EIG + Ecommerce Inc / IX Web Hosting = match made in hell.  I'll eat my popcorn and watch both of these clown shops implode.


----------



## DomainBop (Feb 19, 2016)

drmike said:


> Ecommerce Inc / IX Web Hosting is one of the entirely worst shops out there.  Support seems moderately ESL (English as Second Language).  Stuff goes right over their heads and lousy resolution.



They have an office in Ukraine that handles a lot of the non-telephone support.   



> EIG + Ecommerce Inc / IX Web Hosting = match made in hell.



Match made in hell but EIG did acquire some valuable assets in this deal. Ecommerce Inc has a stockpile of 770,048 IPs (all IX Web Hosting and HostExcellence shared hosting plans include a dedicated IP address).   The ecommerce.com domain name is also worth $1 mill plus.


----------



## drmike (Feb 19, 2016)

@DomainBop were details of the detail made public yet?


----------



## DomainBop (Feb 19, 2016)

drmike said:


> @DomainBop were details of the detail made public yet?



The only info given was the 2 short mentions in their earnings release that I quoted in the first post.  Footnotes in the quarterly releases seem to be their preferred way of disclosing acquisitions recently.


----------



## drmike (Feb 19, 2016)

I noticed @DomainBop the disclosures in the earnings reports....  This will be interesting dollar amount for sure.

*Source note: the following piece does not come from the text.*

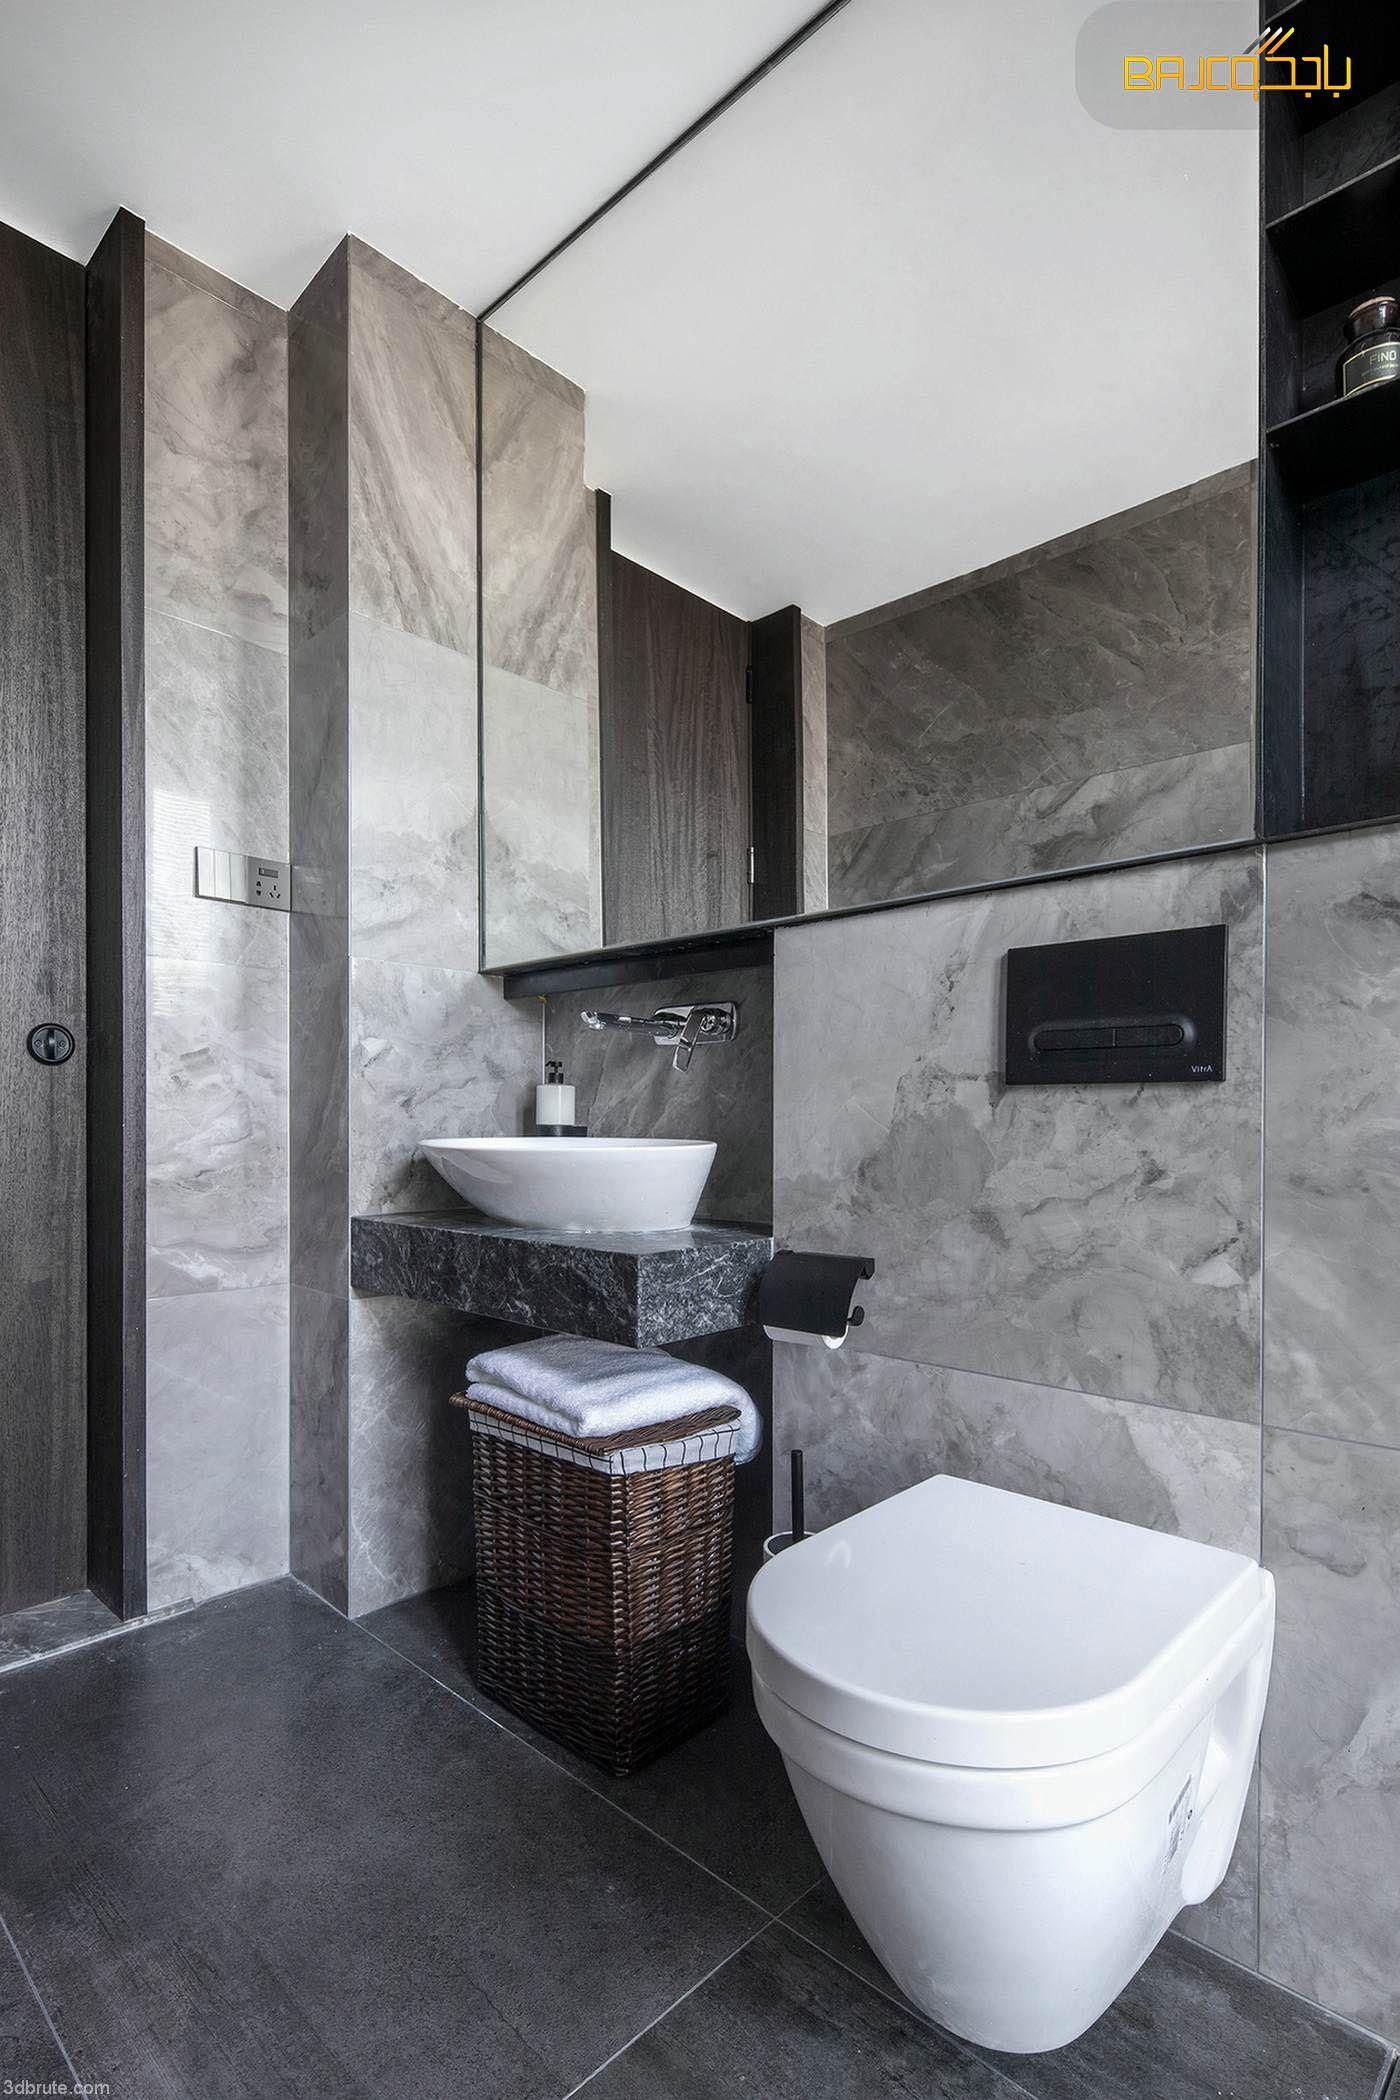 مغسلة رخام Bathroom Marble Toilet

Ecommerce claimed to have their own datacenter build out too.  They had some on location staff and office workers, allegedly.  


Bunch of hiring ads here: https://www.linkedin.com/company/ecommerce-llc-


----------



## AuroraZero (Feb 19, 2016)

The fact of the matter is EIG probably bought them for the IPS they alone. They know that eventually if those IPS are dirty now they can clean up because they are new owners of them. I have done this many times even with spamhaus and spamcop. If they keep them clean they know they will be able to turn them around for a profit. In the end that profit will likely negate the price they paid for the entire operation. 


They can bring in their own staff and move everyone to their own networks. No sense in keep the build out if there is one as it is a liability at this point. Consolidate it all under their umbrella and be done with it until it comes time to make your money off of it. This is how I would do it, but what do I know I am just some guy on some forum some place.


----------



## DomainBop (Feb 20, 2016)

drmike said:


> Ecommerce claimed to have their own datacenter build out too.



11,000 square feet in Columbus









Their Yelp ratings have been amazingly consistent over the past 5 years: 23 ratings, all of them 1 star http://www.yelp.com/biz/ix-web-hosting-columbus


----------



## drmike (Feb 23, 2016)

Ecommerce / IX Web Hosting currently are at the top of Spamhaus SBL list:


https://www.spamhaus.org/sbl/listings/ecommerce.com


Found 62 SBL listings for IPs under the responsibility of ecommerce.com


----------